**DATA:**
* * * * * * * * *

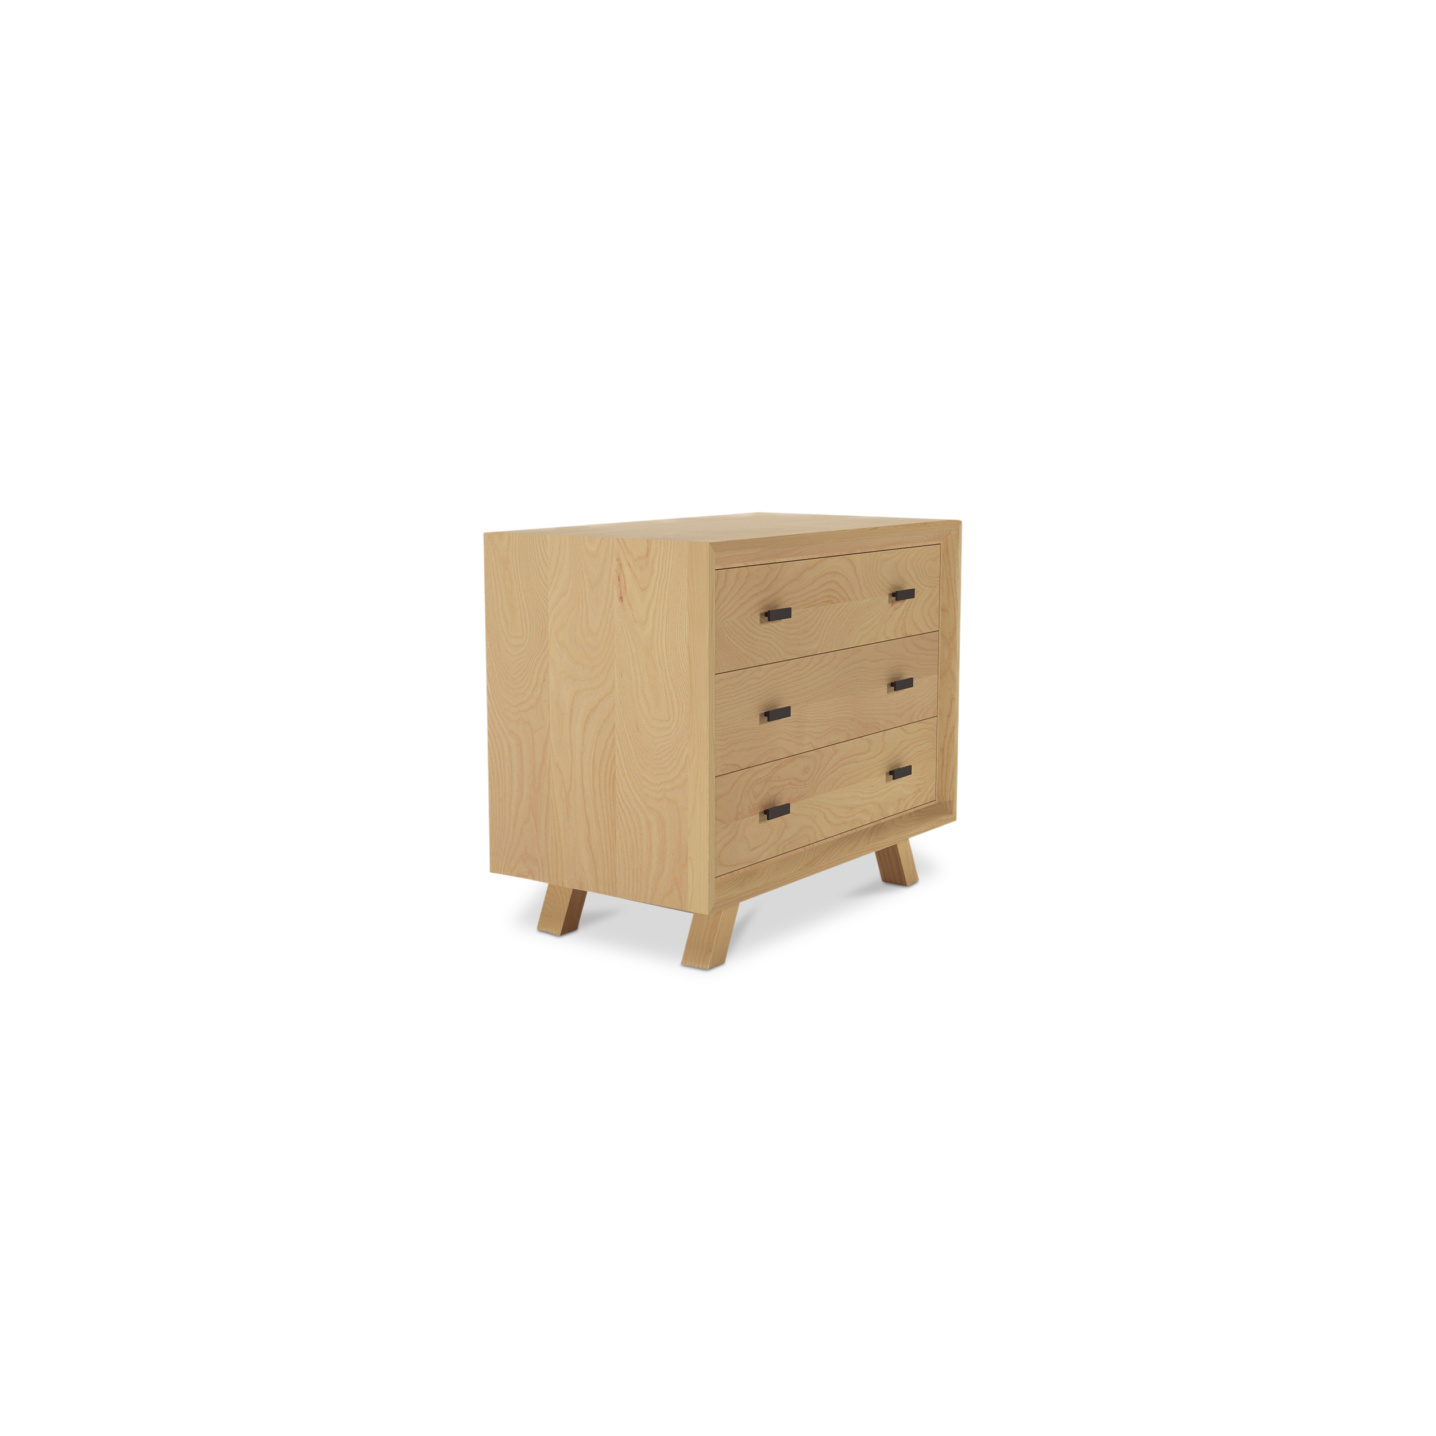 Danish solid ash 3 drawer dresser
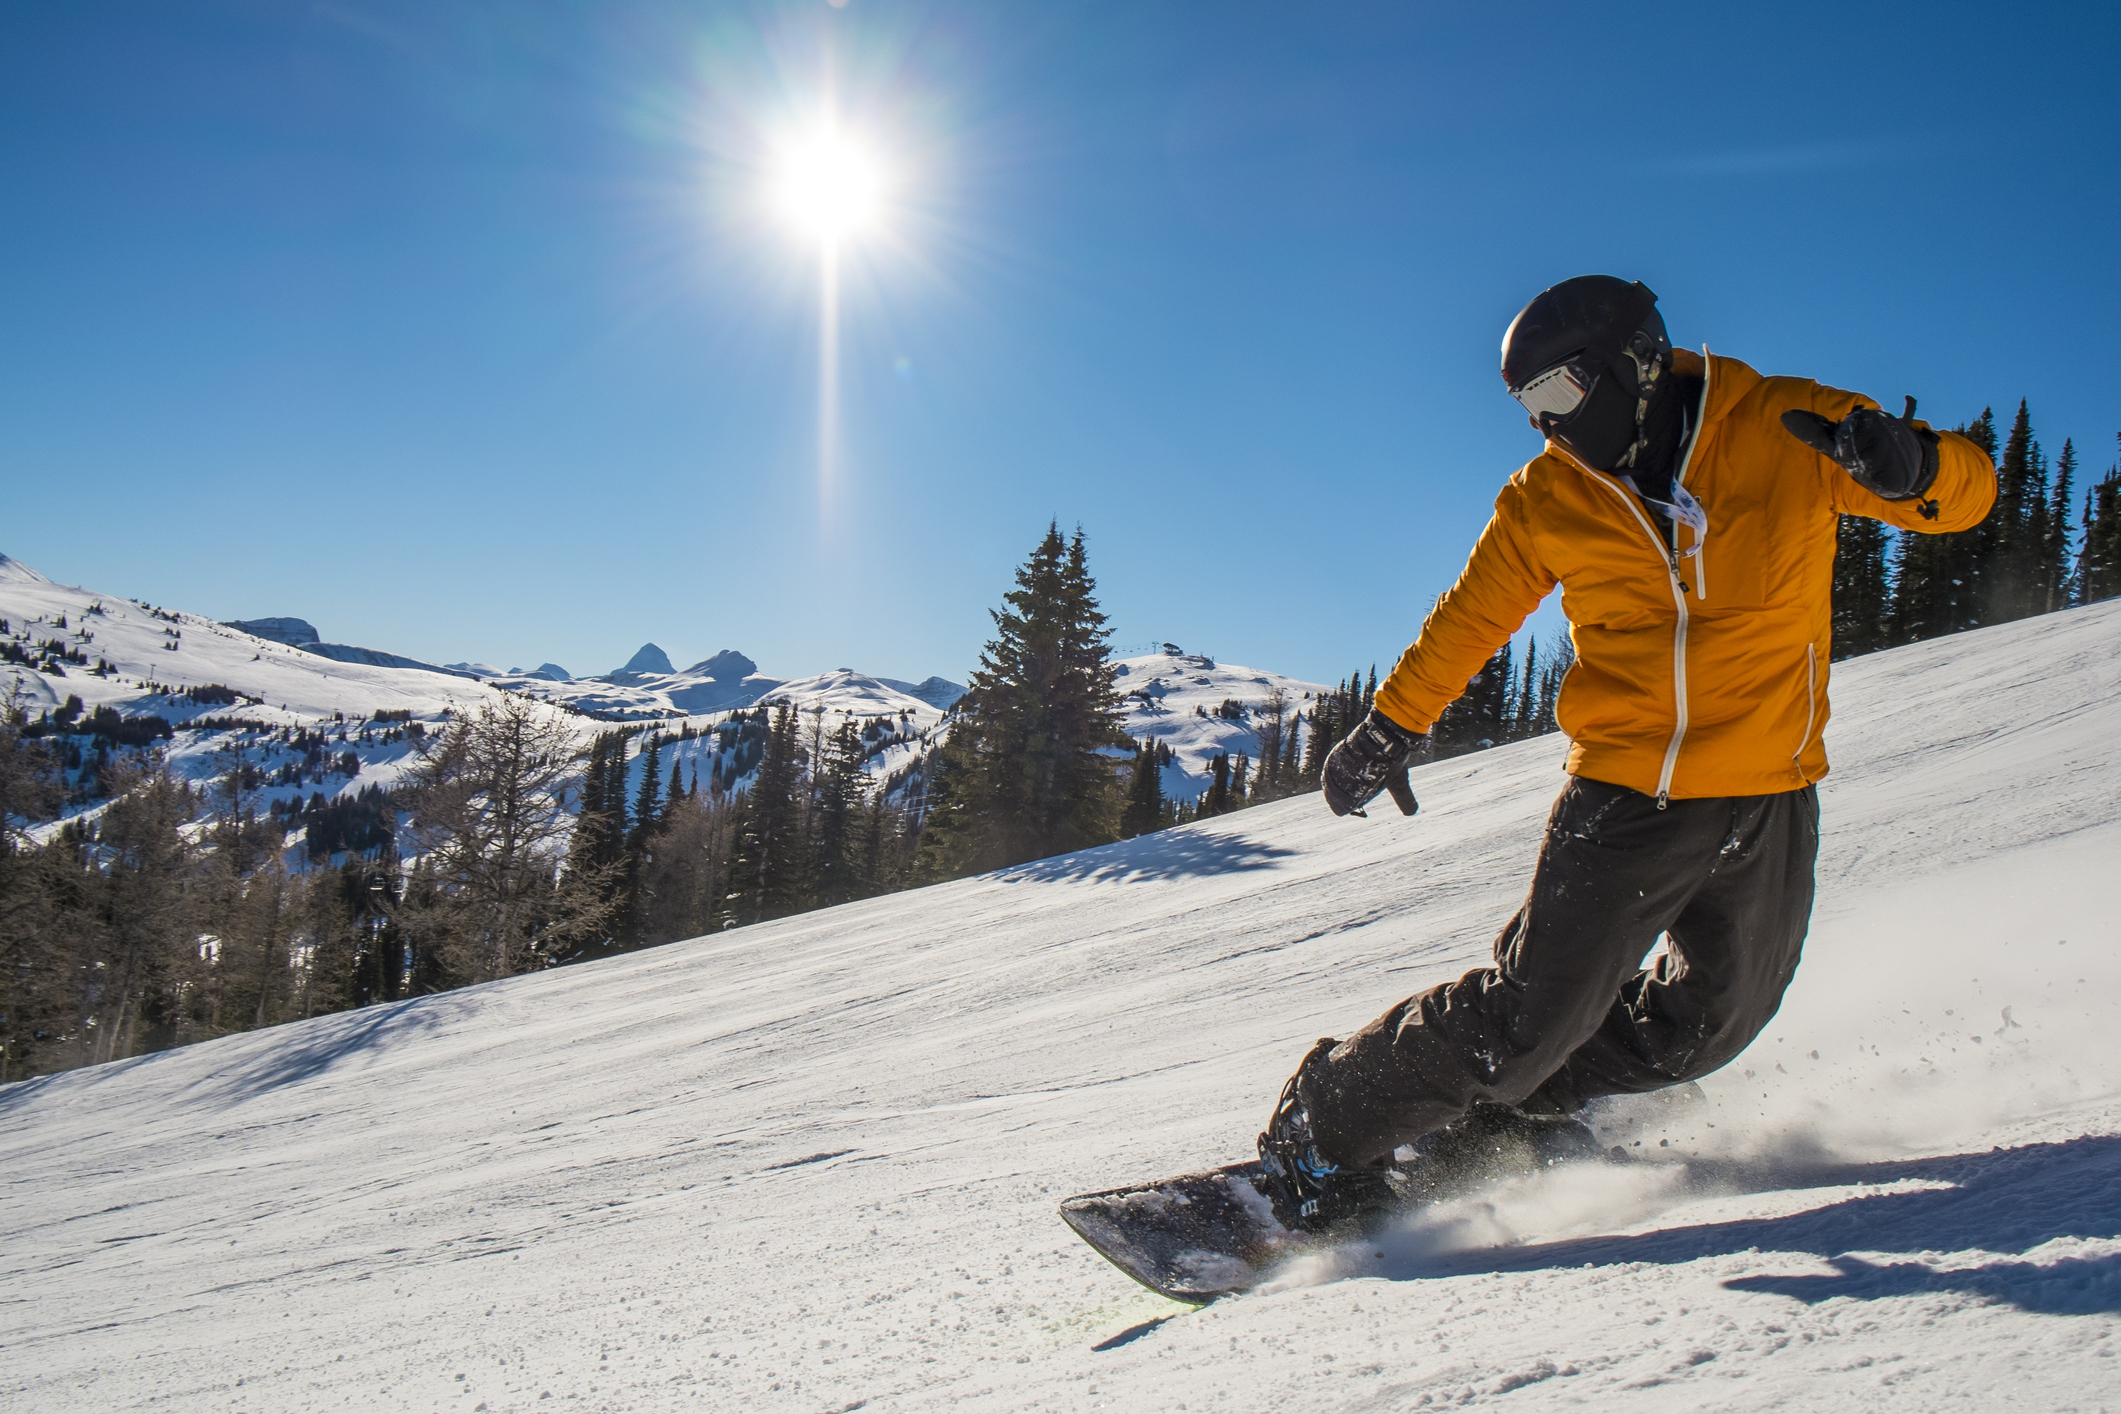 Snowboarder cranks turn on mountain slope
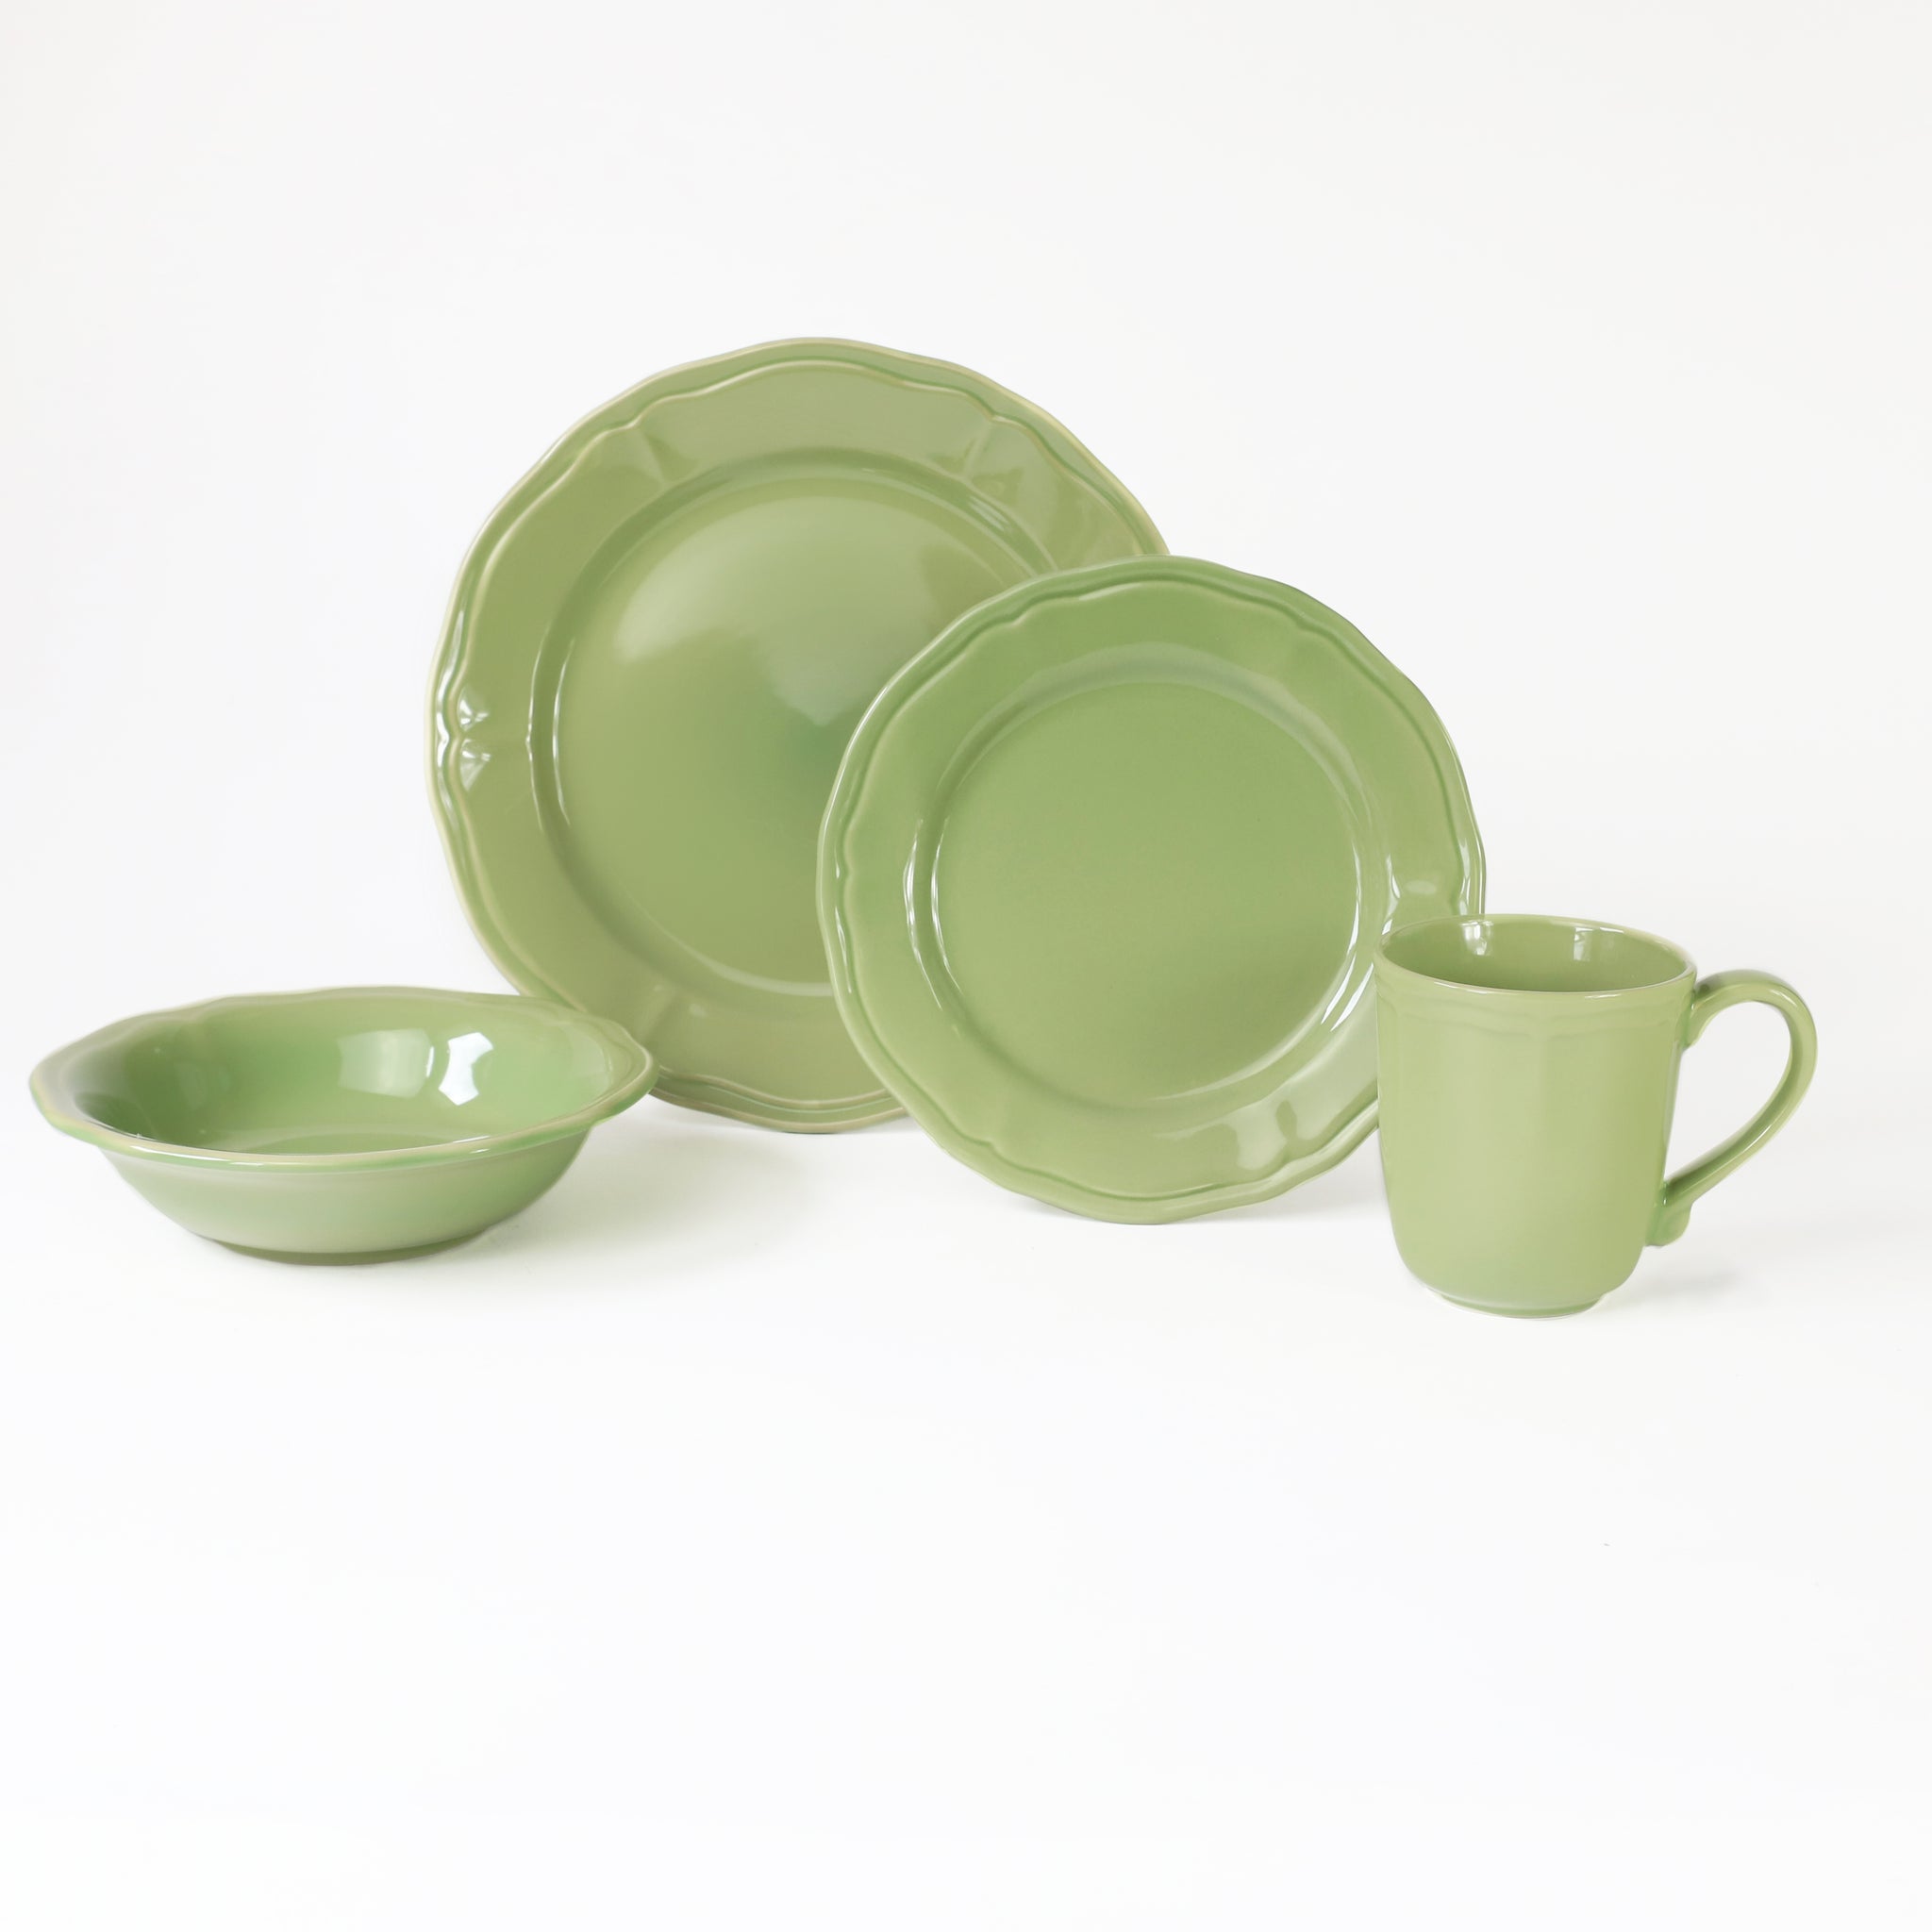 Siena 16 piece Dinnerware Set Green - Euro Ceramica

* * * * * * * * *

**WHAT IS BEING ASKED:** All of the data is to be returned exactly, with no pictures included.

**OUTPUT OF THE TASK:**
 Danish solid ash 3 drawer dresser
 Snowboarder cranks turn on mountain slope
 Siena 16 piece Dinnerware Set Green - Euro Ceramica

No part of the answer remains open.